[[ DATA EXTRACT, beginning ]]

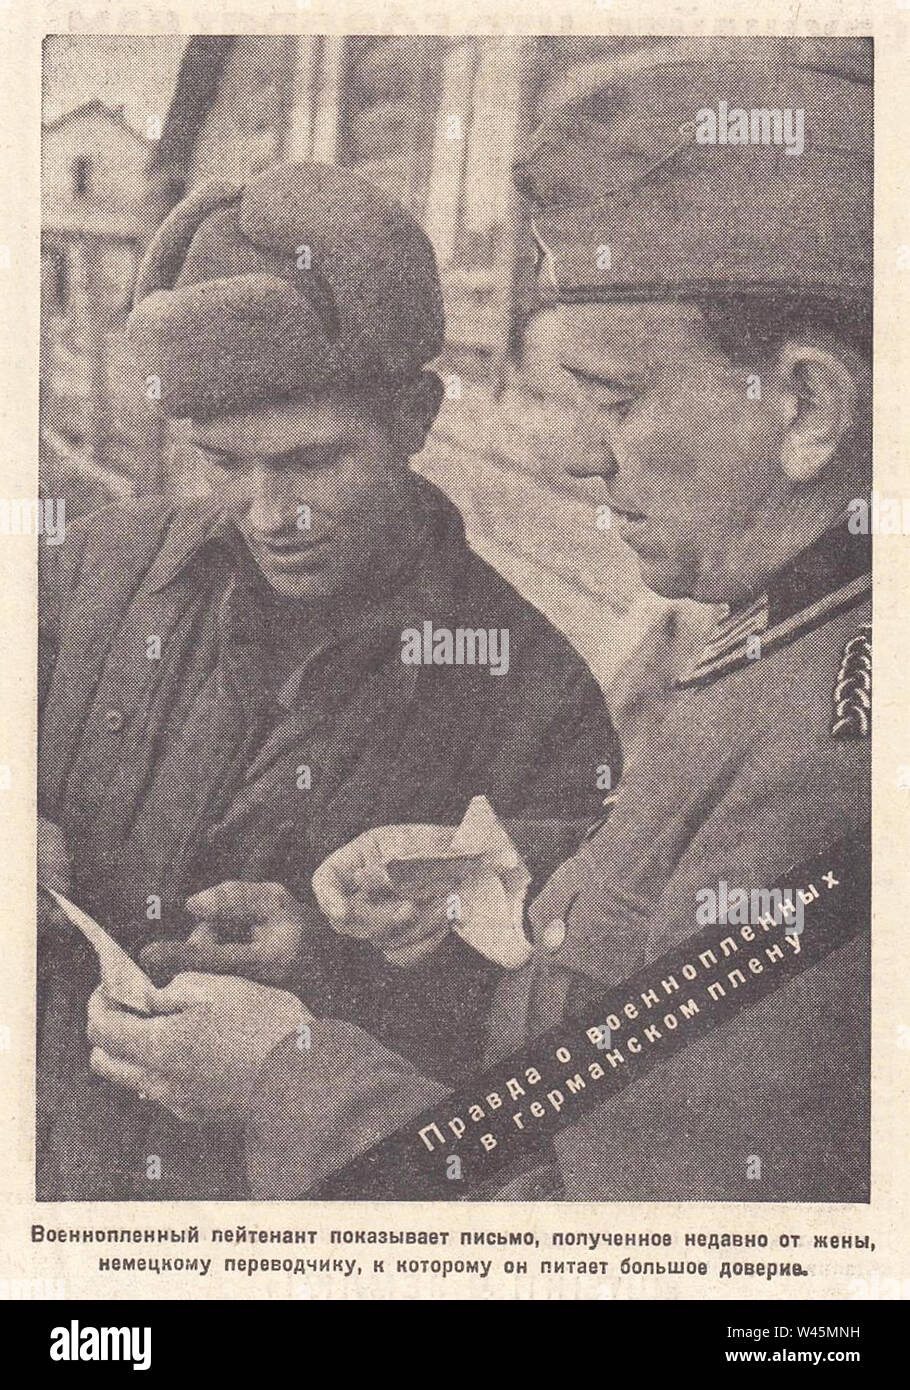 Prisoner of war lieutenant shows a letter received recently from his wife. The truth about prisoners of war in German captivity. Photo from the newspaper of the 1940s. Stock Photo
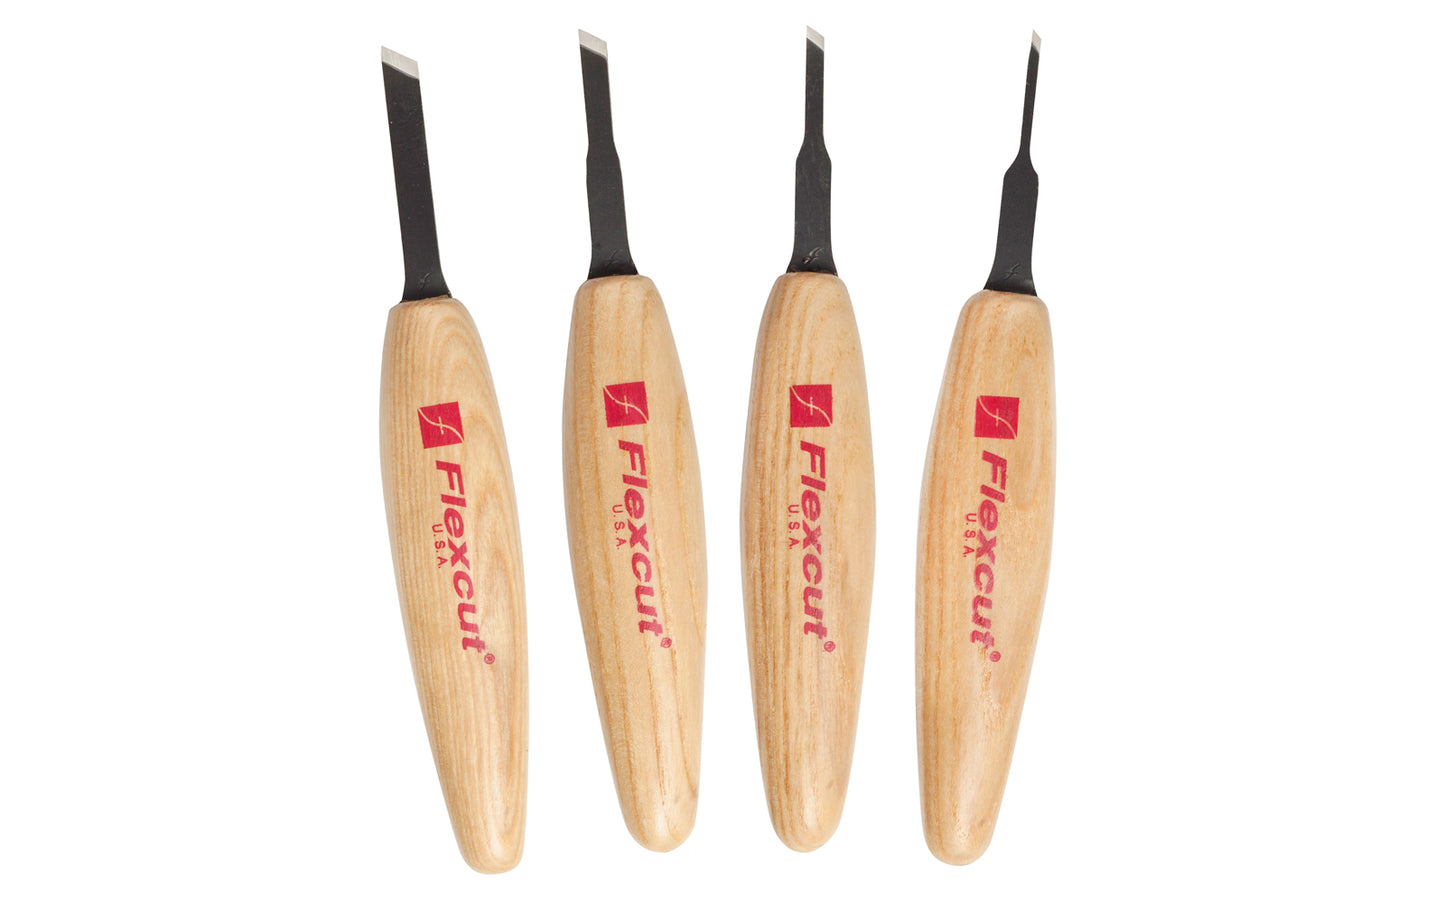 Flexcut Skew Micro Tool Carving Set ~ MT200 - Made in USA ~ 4-piece Set ~ Blades are made of High Carbon Spring Steel, Tempered to HRC 59-61. The cutting edges are hand honed & polished ~ Micro Chisels ~ Set includes 1/16" (1.5mm) - 1/8" (3mm) - 3/16" (5mm) - 1/4" (6mm) Skews - Excellent for miniature & extra fine detail carving work ~ 651646302005
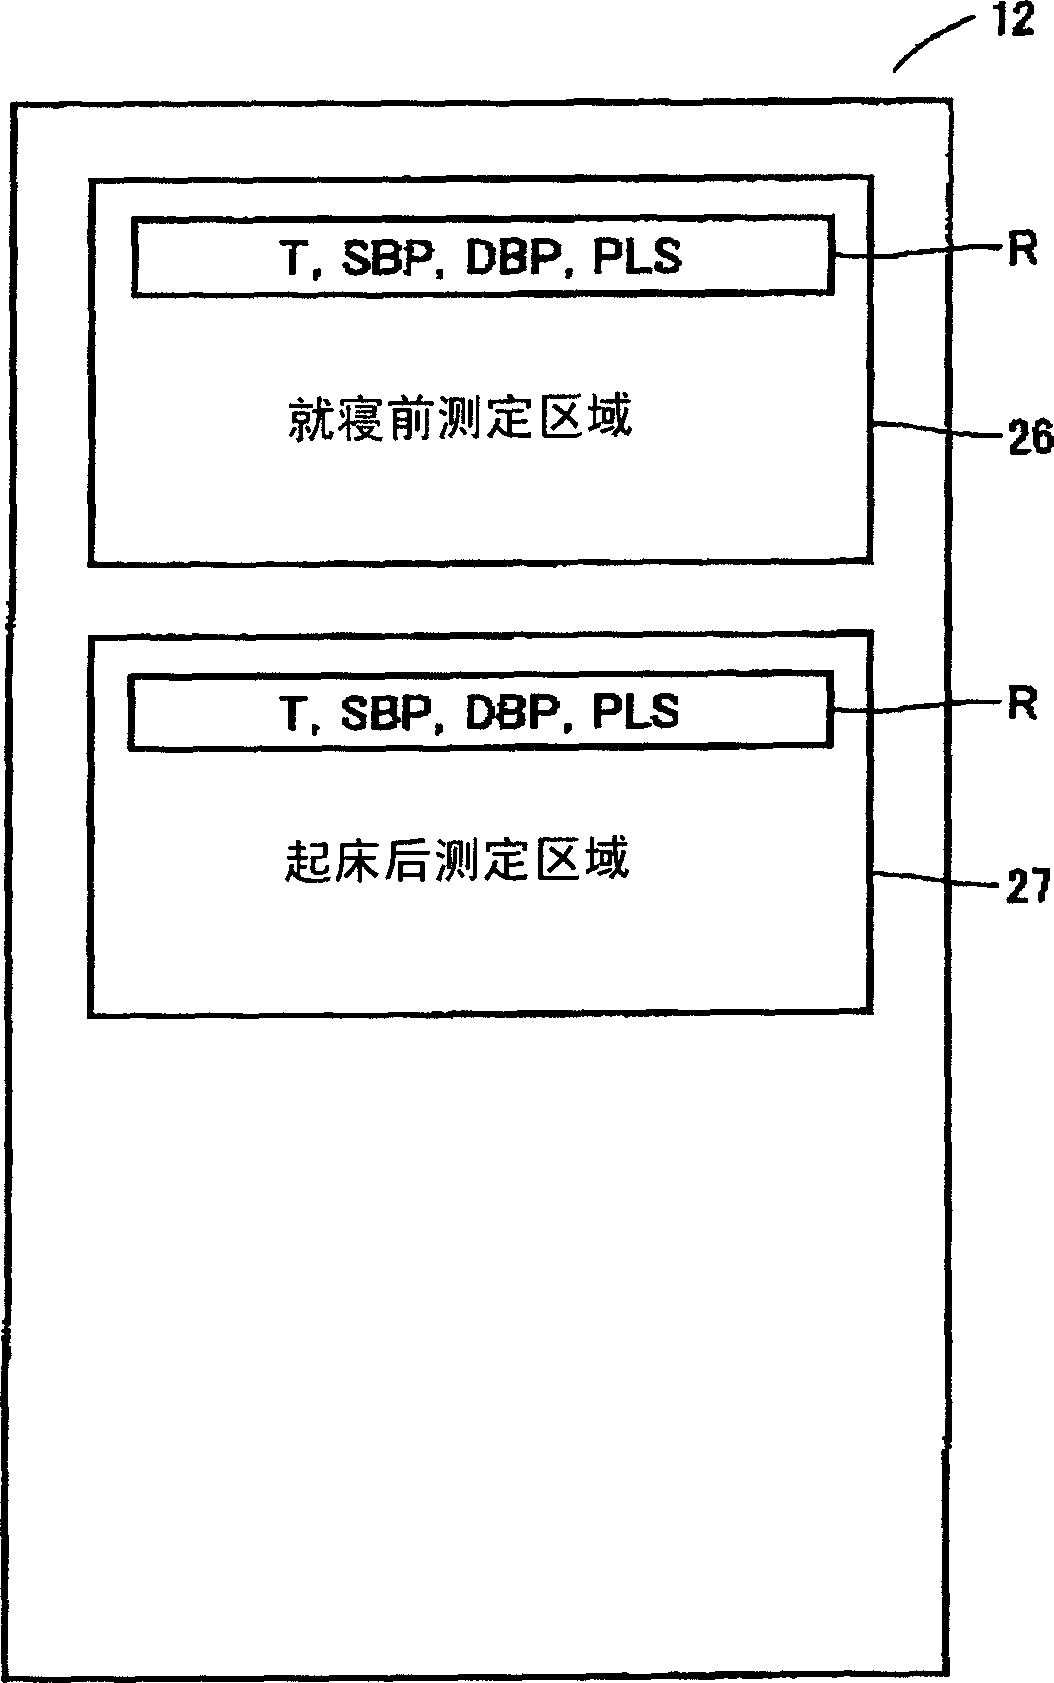 Electronic blood pressure monitor, and blood pressure measurement data processing apparatus and method

[[ DATA EXTRACT, end ]]

Copy the whole listing above word for word but do not carry over the pictures.

▸ **SOLUTION TO THIS TASK**
 Prisoner of war lieutenant shows a letter received recently from his wife. The truth about prisoners of war in German captivity. Photo from the newspaper of the 1940s. Stock Photo
 Flexcut Skew Micro Tool Carving Set ~ MT200 - Made in USA ~ 4-piece Set ~ Blades are made of High Carbon Spring Steel, Tempered to HRC 59-61. The cutting edges are hand honed & polished ~ Micro Chisels ~ Set includes 1/16" (1.5mm) - 1/8" (3mm) - 3/16" (5mm) - 1/4" (6mm) Skews - Excellent for miniature & extra fine detail carving work ~ 651646302005
 Electronic blood pressure monitor, and blood pressure measurement data processing apparatus and method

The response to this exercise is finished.